I need to store basic data of customer's and cars that they bought and payment schedule of these cars. These data come from GUI, written in Python. I don't have enough experience to use a database system like sql, so I want to store my data in a file as plain text. And it doesn't have to be online.
To be able to search and filter them, first I convert my data (lists of lists) to the string then when I need the data re-convert to the regular Python list syntax. I know it is a very brute-force way, but is it safe to do like that or can you advice me to another way?

It is never safe to save your database in a text format (or using pickle or whatever). There is a risk that problems while saving the data may cause corruption. Not to mention risks with your data being stolen.
As your dataset grows there may be a performance hit.
have a look at sqlite (or sqlite3) which is small and easier to manage than mysql. Unless you have a very small dataset that will fit in a text file.
P/S: btw, using berkeley db in python is simple, and you don't have to learn all the DB things, just import bsddb

The answer to use pickle is good, but I personally prefer shelve.
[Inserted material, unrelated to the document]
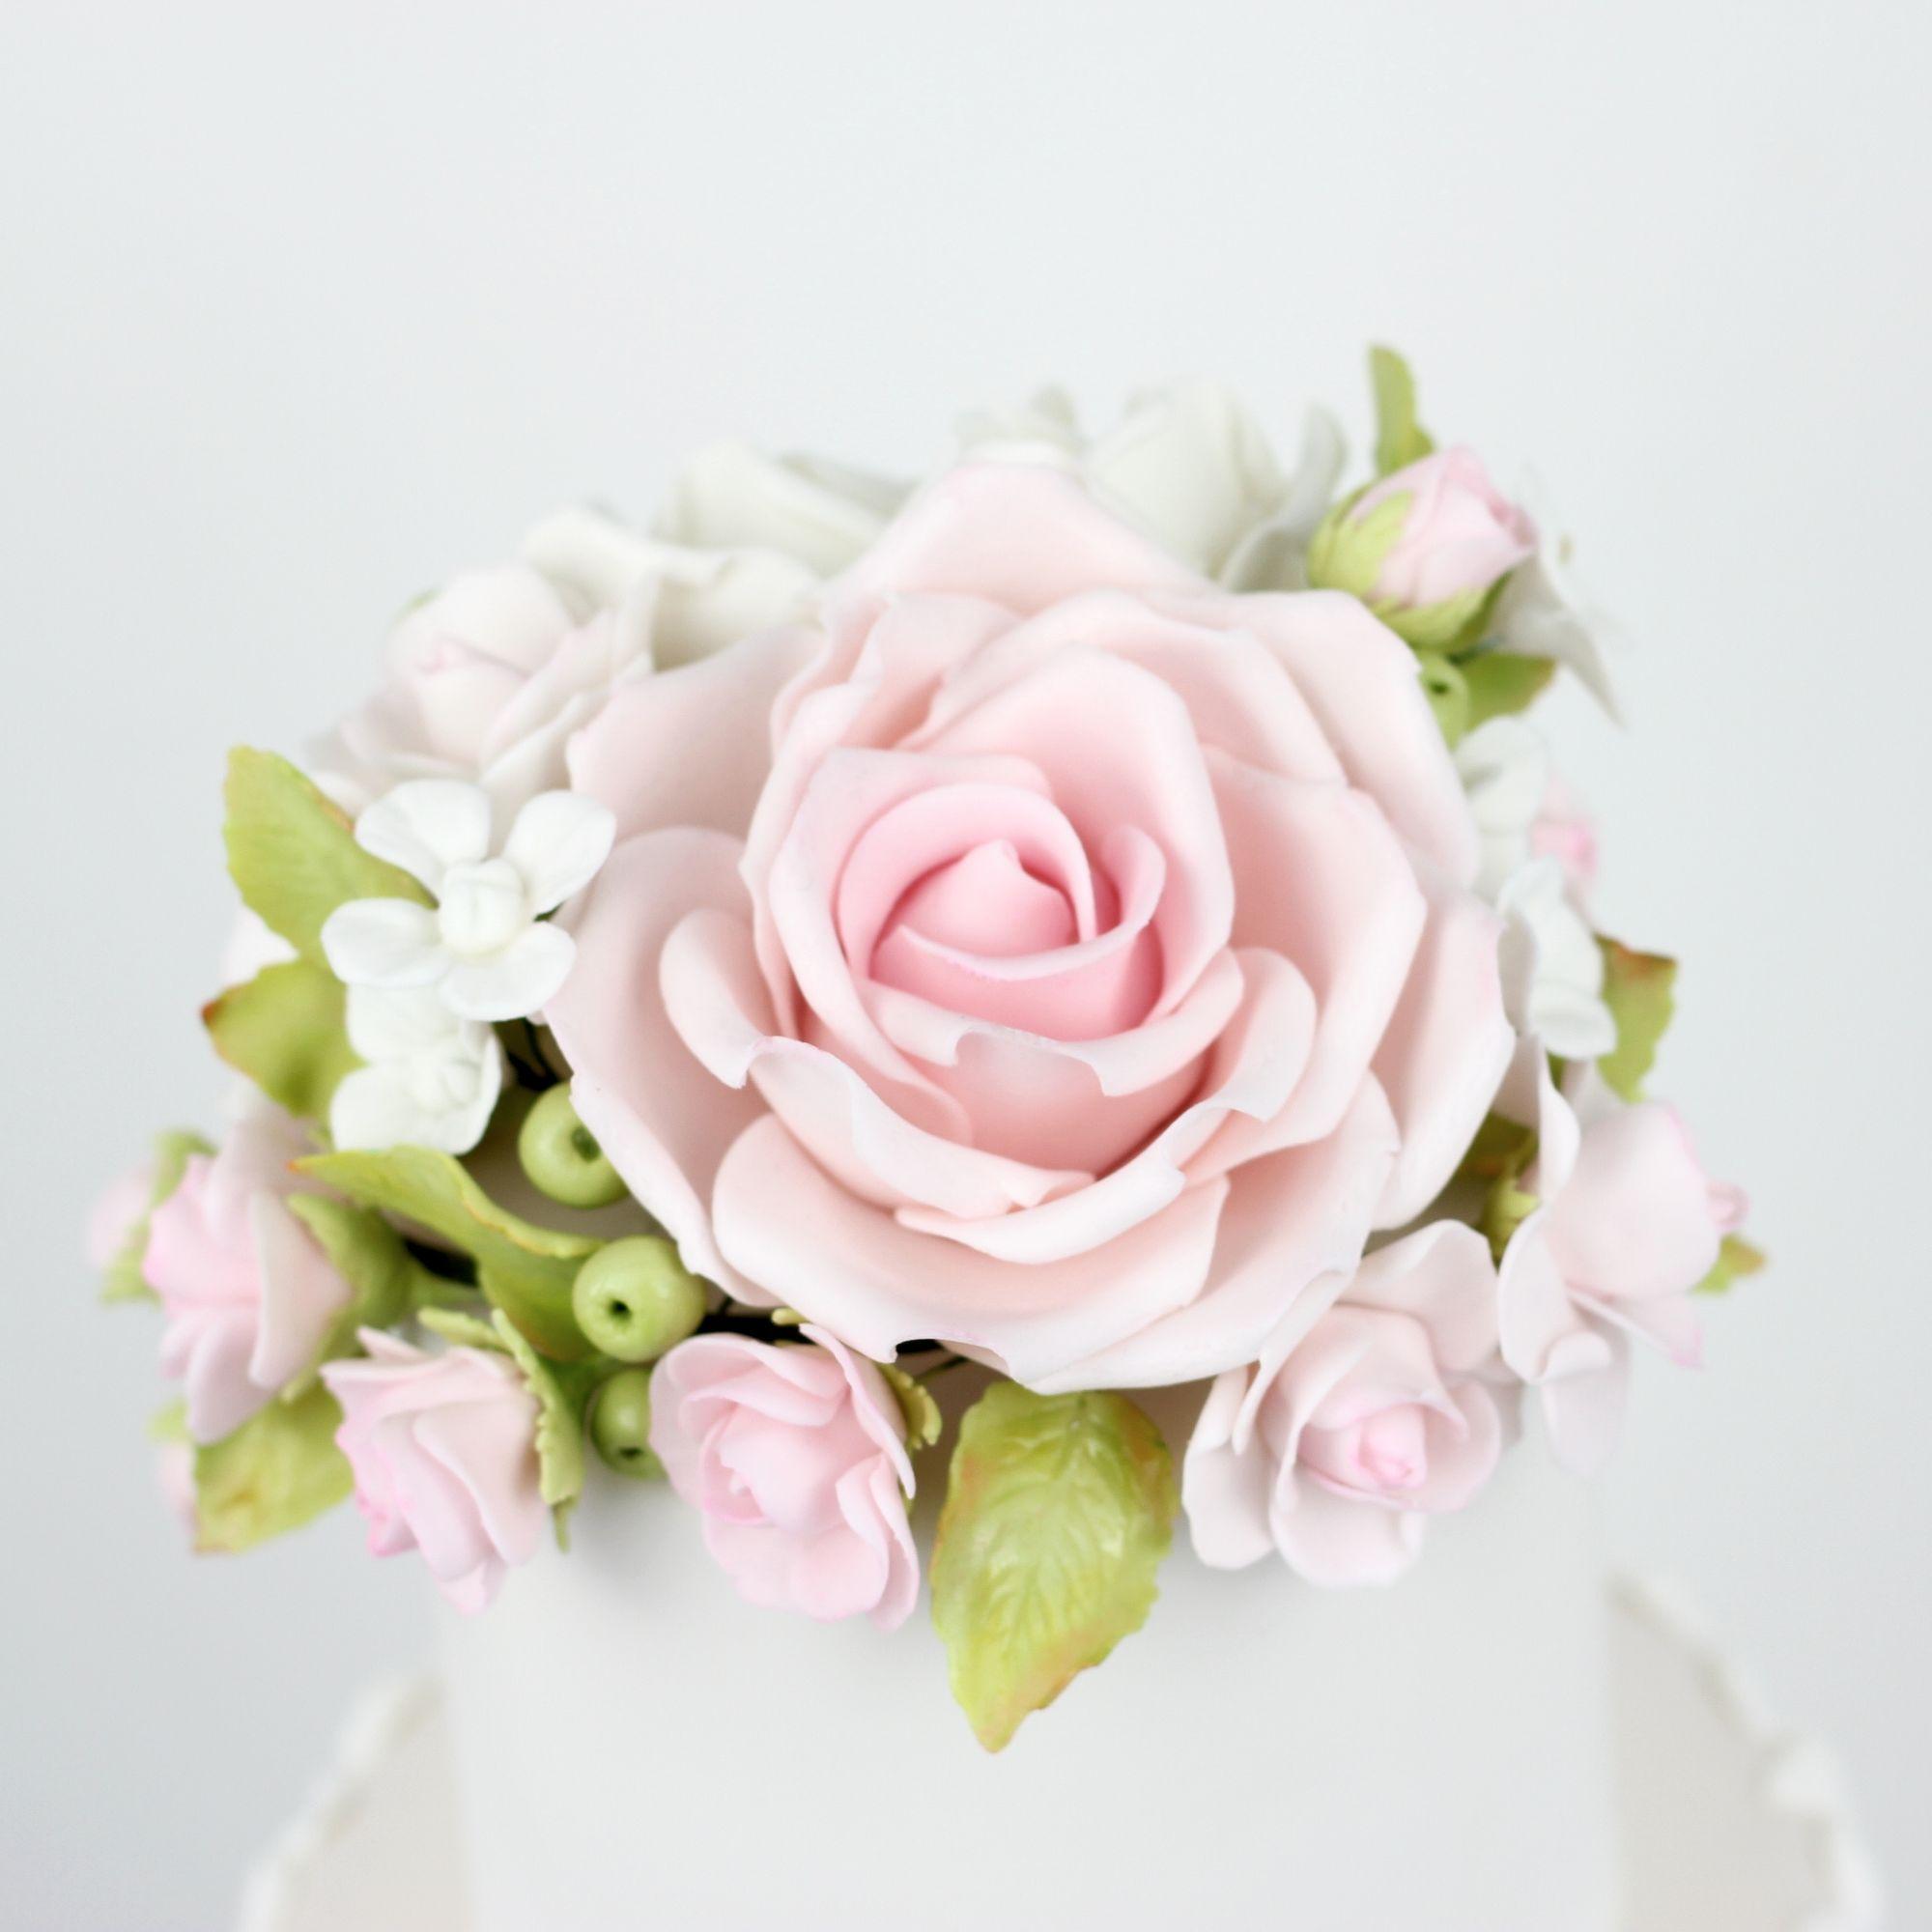 Pink rose, hydrangeas and berries.

It allows you to keep variables in the same state they were in between launches and I find it easier to use than pickle directly. http://docs.python.org/library/shelve.html

I agree with the others that serious and important data would be more secure in some type of light database but can also feel sympathy for the wish to keep things simple and transparent.
So, instead of inventing your own text-based data-format I would suggest you use YAML
The format is human-readable for example:
List of things:
- Alice
- Bob
- Evan
You load the file like this:
>>> import yaml
>>> file = open('test.yaml', 'r')
>>> list = yaml.load(file)
And list will look like this:
{'List of things': ['Alice', 'Bob', 'Evan']}
Of course you can do the reverse too and save data into YAML, the docs will help you with that.
At least another alternative to consider :)

very simple and basic - (more # http://pastebin.com/A12w9SVd)
import json, os
db_name = 'udb.db'
def check_db(name = db_name):
if not os.path.isfile(name):
print 'no db\ncreating..'
udb = open(db_name,'w')
udb.close()
def read_db():
try:
udb = open(db_name, "r")
except:
check_db()
read_db()
try:
dicT = json.load(udb)
udb.close()
return dicT
except:
return {}
def update_db(newdata):
data = read_db()
wdb = dict(data.items() + newdata.items())
udb = open(db_name, 'w')
json.dump(wdb, udb)
udb.close()
using:
def adduser():
print 'add user:'
name = raw_input('name > ')
password = raw_input('password > ')
update_db({name:password})

You can use this lib to write an object into a file http://docs.python.org/library/pickle.html

Writing data in a file isn't a safe way for datastorage. Better use a simple database libary like sqlalchemy. It is a ORM for easy database usage...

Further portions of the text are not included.